-- What this task involves --
Keep the wording of every entry intact in your copy, and omit the pictures.

-- Supplied entries --
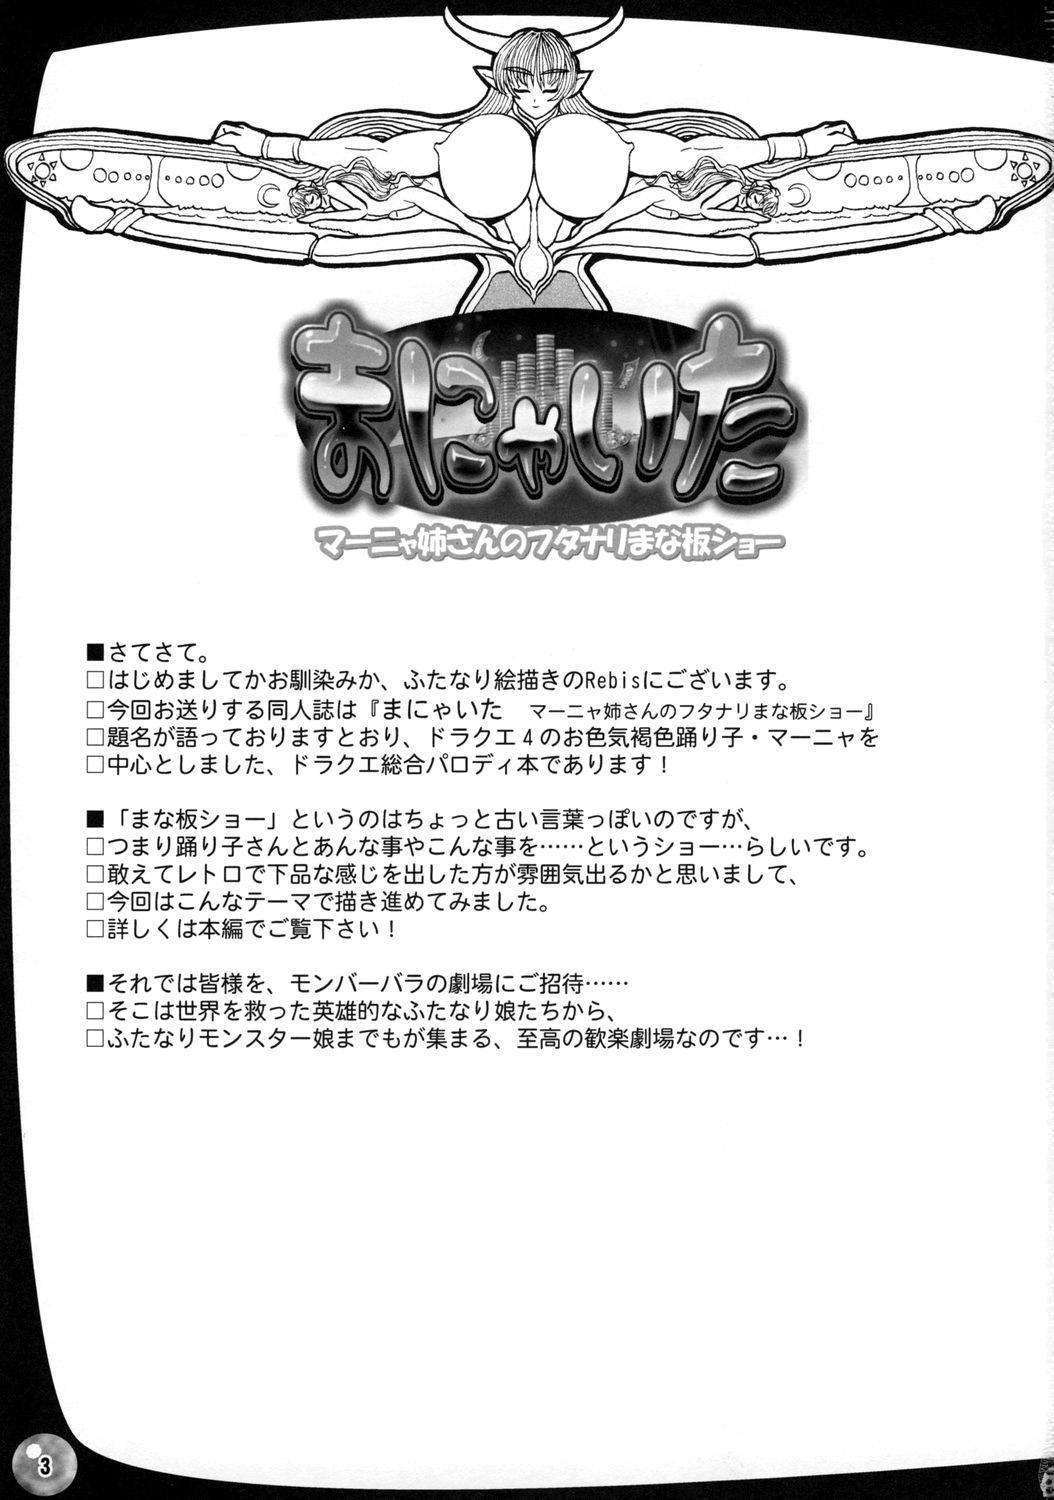 Anime (C73) [Arsenothelus (Rebis)] TGWOA Vol.22 - Manya-Ita! (Dragon Quest IV) [English] - Dragon quest iv Dragon quest Buceta - Page 2
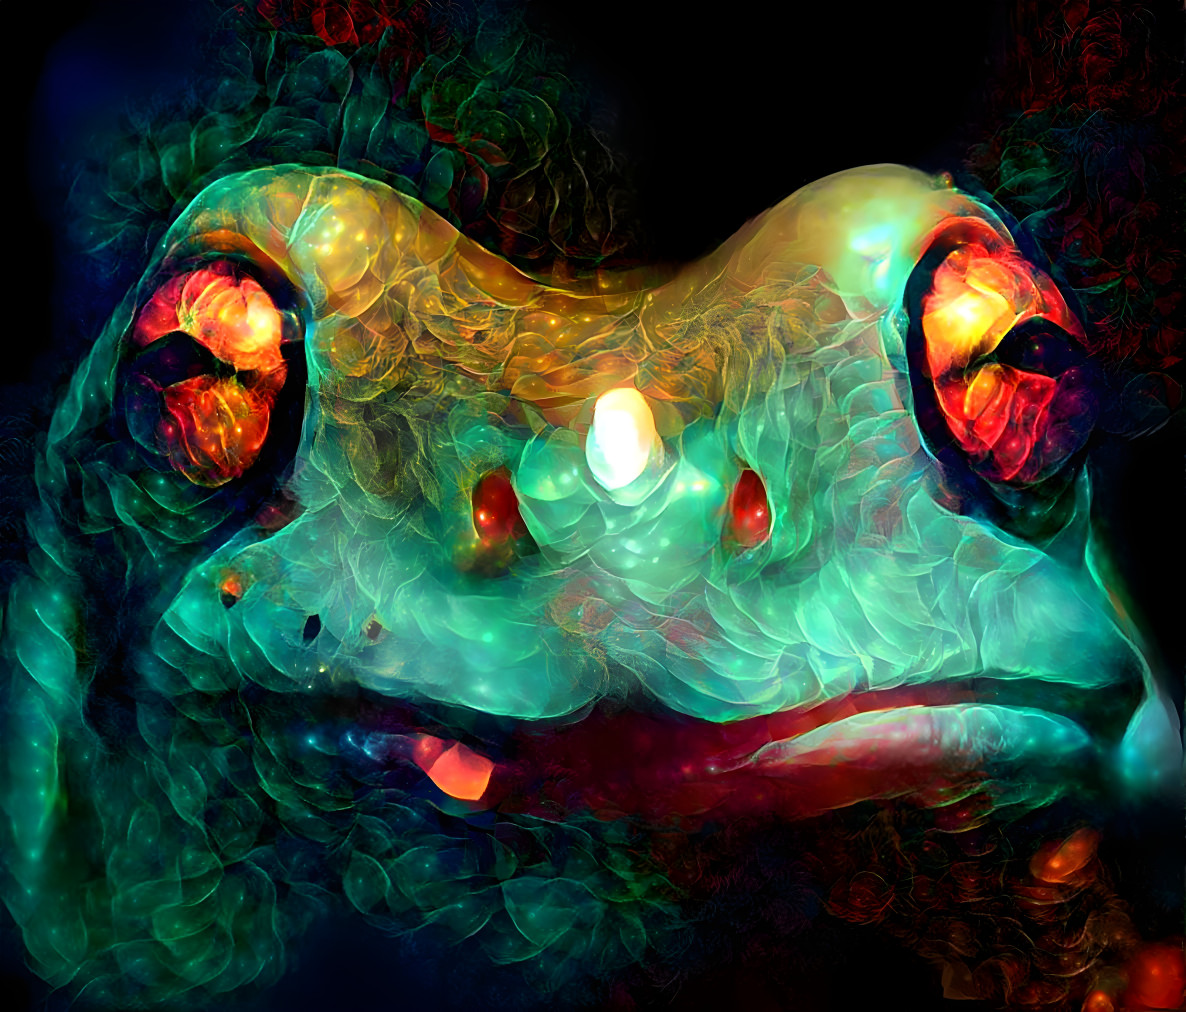 Grumpy frog
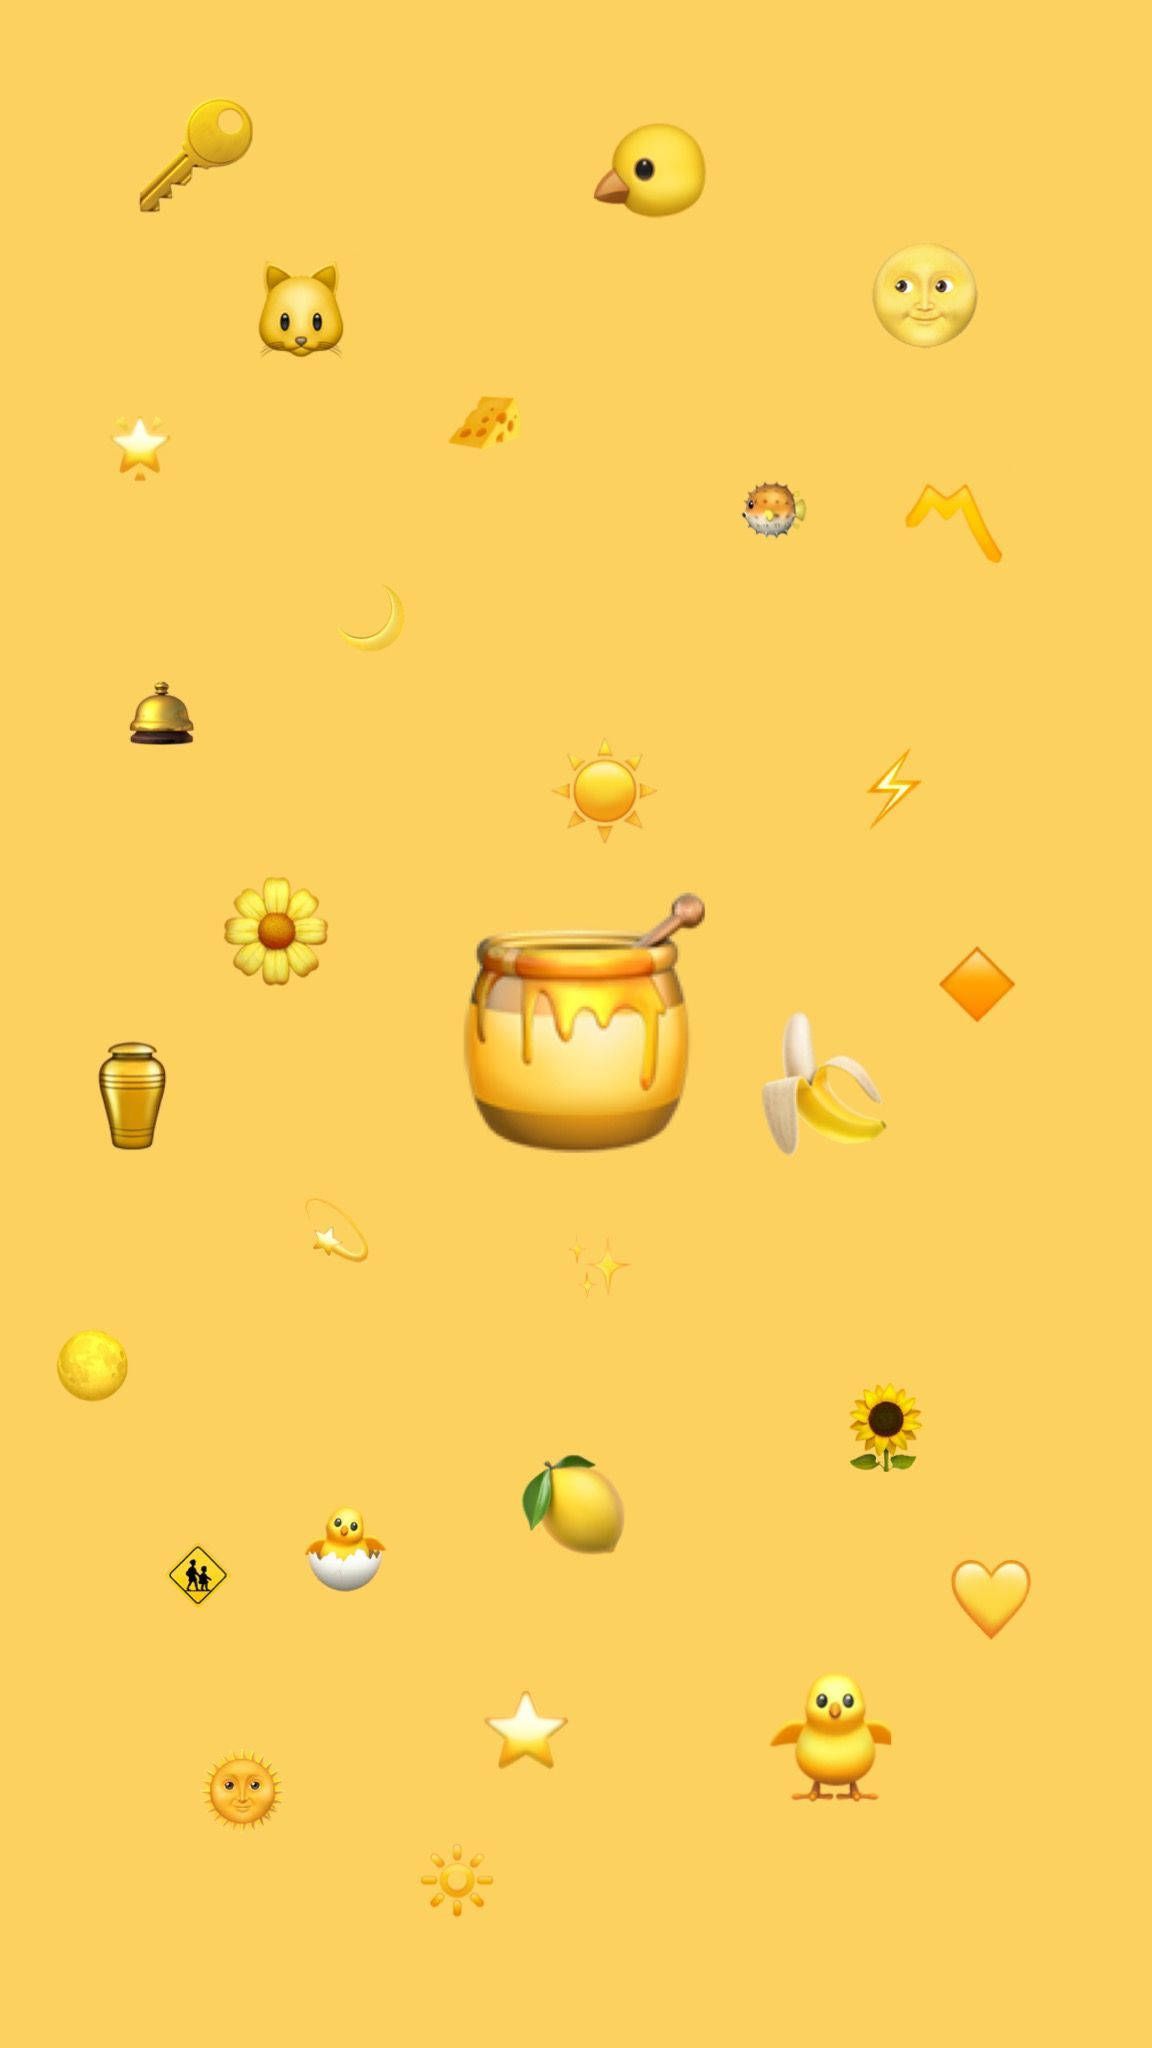 Download Honeybee Pot With Cute Yellow Emojis Wallpaper
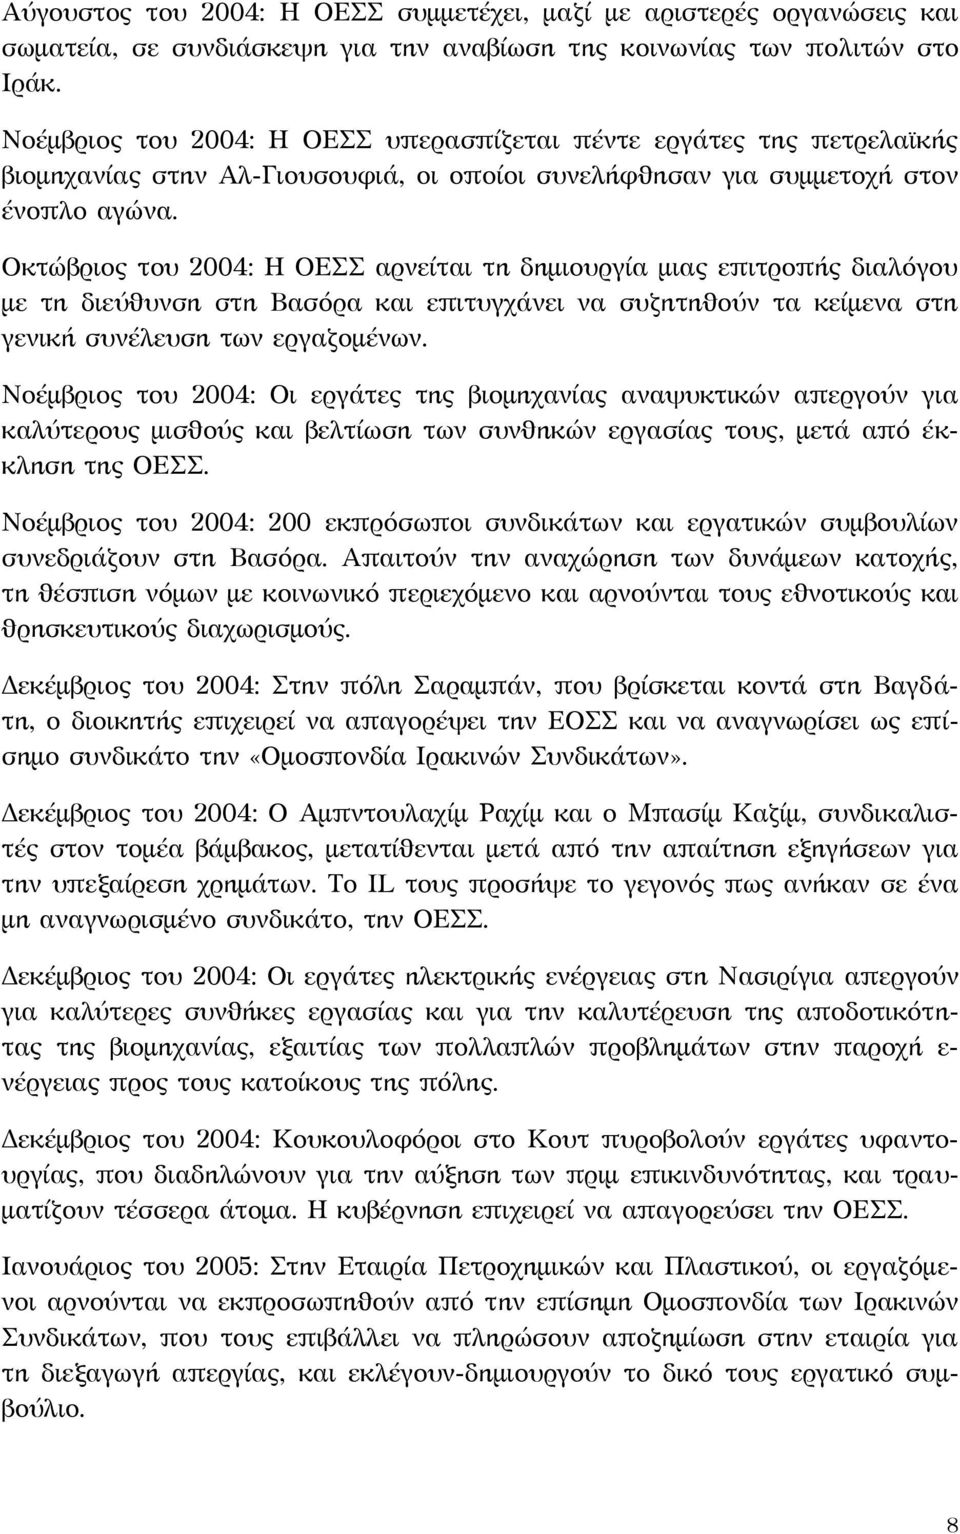 Οκτώβριος του 2004: Η ΟΕΣΣ αρνείται τη δημιουργία μιας επιτροπής διαλόγου με τη διεύθυνση στη Βασόρα και επιτυγχάνει να συζητηθούν τα κείμενα στη γενική συνέλευση των εργαζομένων.
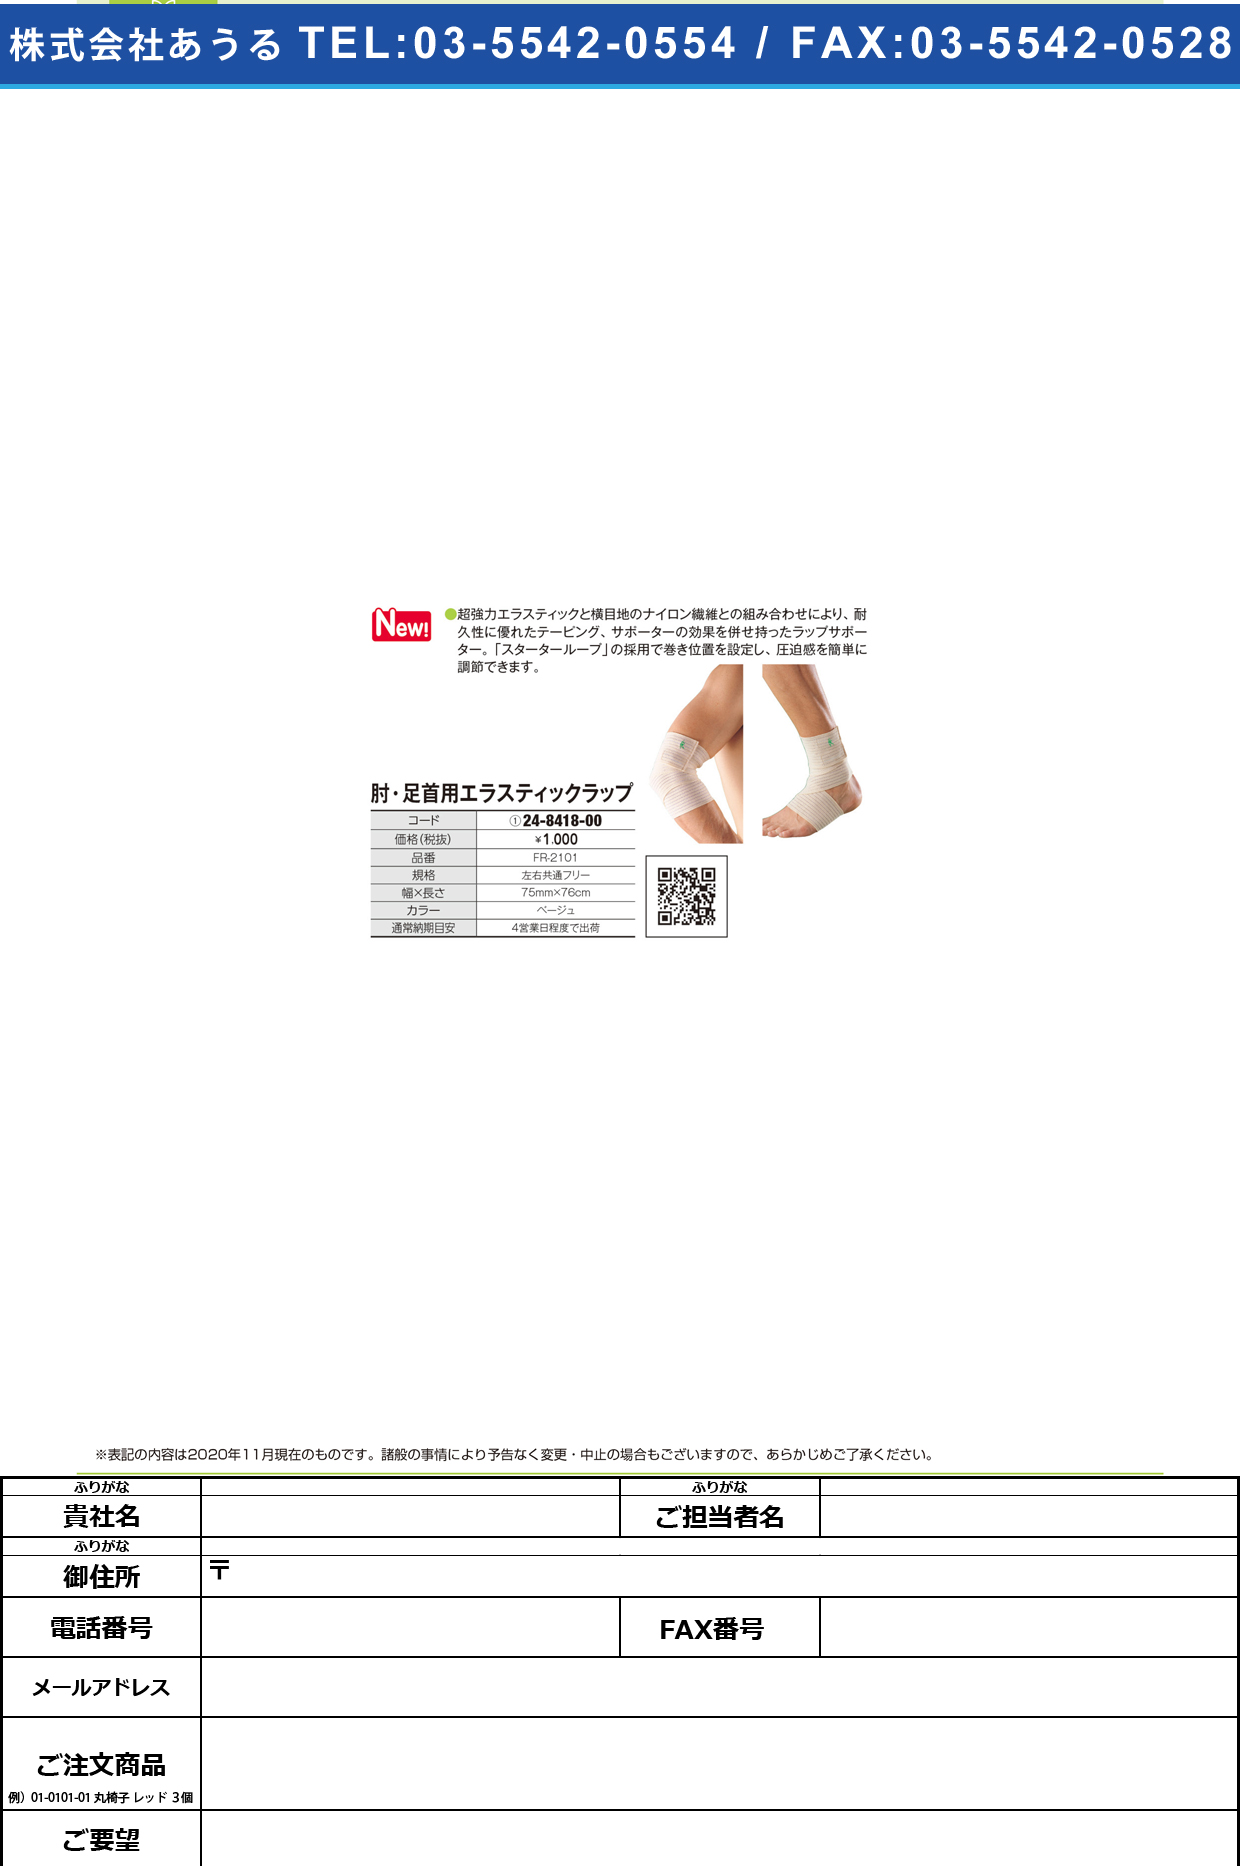 肘・足首用エラスティックラップ FR-2101FR-2101(24-8418-00)【ファーストレイト】(販売単位:1)

-- Result below --
 Anime (C73) [Arsenothelus (Rebis)] TGWOA Vol.22 - Manya-Ita! (Dragon Quest IV) [English] - Dragon quest iv Dragon quest Buceta - Page 2
 Grumpy frog
 Download Honeybee Pot With Cute Yellow Emojis Wallpaper
 Οκτώβριος του 2004: Η ΟΕΣΣ αρνείται τη δημιουργία μιας επιτροπής διαλόγου με τη διεύθυνση στη Βασόρα και επιτυγχάνει να συζητηθούν τα κείμενα στη γενική συνέλευση των εργαζομένων.
 肘・足首用エラスティックラップ FR-2101FR-2101(24-8418-00)【ファーストレイト】(販売単位:1)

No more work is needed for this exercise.